Breslin dabbled in television and magazine writing, but returned to the newspaper business in 1976 as a Daily News columnist and became part of one of the city's most horrifying stories; the "Son of Sam" killings in 1977. Berkowitz sent Breslin several letters and impressed the columnist enough for him to observe: "He's the only killer I ever knew who knew how to use a semicolon."

Breslin jumped to New York Newsday in 1988, signing a contract for more than $500,000 a year. During the Crown Heights riots in 1991, the then-61-year-old columnist commandeered a cab and ordered the driver to head directly into the action.

About 50 rioters instead yanked Breslin from the taxi, robbed and beat him. Breslin was left with only his underwear and his press card.

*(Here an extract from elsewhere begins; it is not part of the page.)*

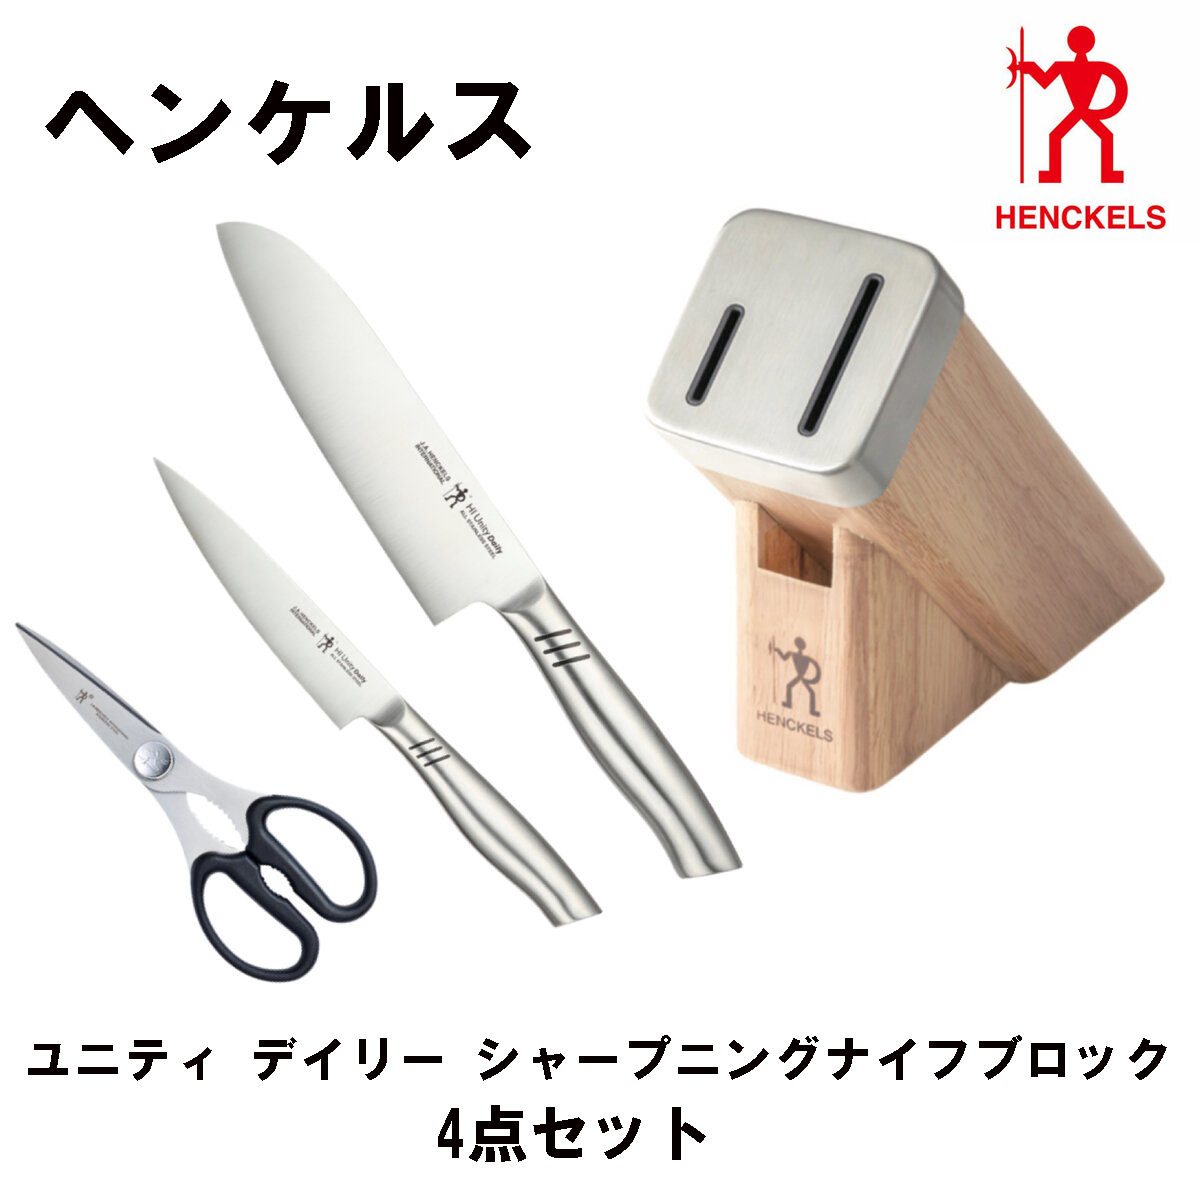 安いアウトレット店舗 【送料無料】ツヴィリング ナイフ 白5セット ブロック 調理器具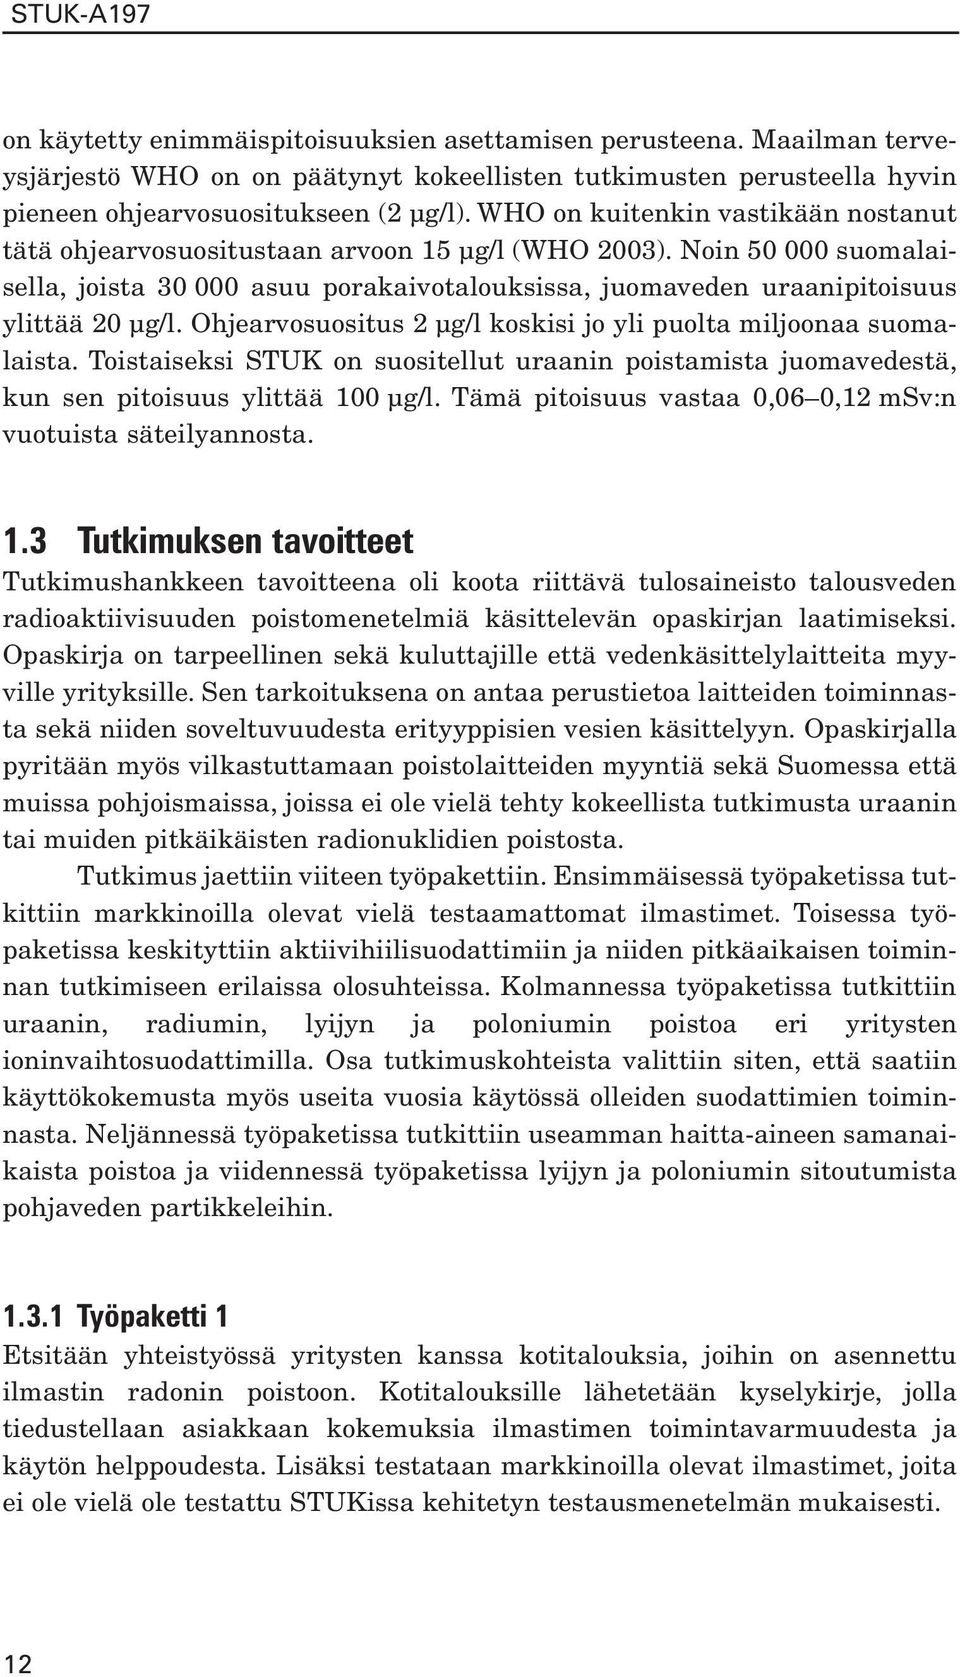 Ohjearvosuositus 2 µg/l koskisi jo yli puolta miljoonaa suomalaista. Toistaiseksi STUK on suositellut uraanin poistamista juomavedestä, kun sen pitoisuus ylittää 100 µg/l.

Three years later, he underwent successful surgery for a brain aneurysm — an episode that led to his memoir.

While Breslin had crowds of admirers, he created an equal number of enemies. One of his most enduring feuds was with ex-Mayor Edward I. Koch, who once promised to "give the eulogy at Jimmy Breslin's funeral," a vow undone when Koch died in early 2013. Breslin also made his own ill-fated prediction. In his last regular column for Newsday, on Election Day of 2004, he rejoiced in the expected win of Democrat John Kerry for president; Republican George W. Bush was instead re-elected.

Breslin had two daughters and four sons with his first wife, Rosemary, who died of cancer in 1981. He later married Ronnie Eldridge, a former New York City councilwoman.

His elder daughter, Rosemary Breslin, died in 2004 at age 47 from a rare blood disease. His other daughter, Kelly Breslin, collapsed at a New York restaurant in April 2009 and died a few days later. She was 44. Eldridge said an arrhythmia episode was considered a likely cause.

The Associated Press contributed to this report.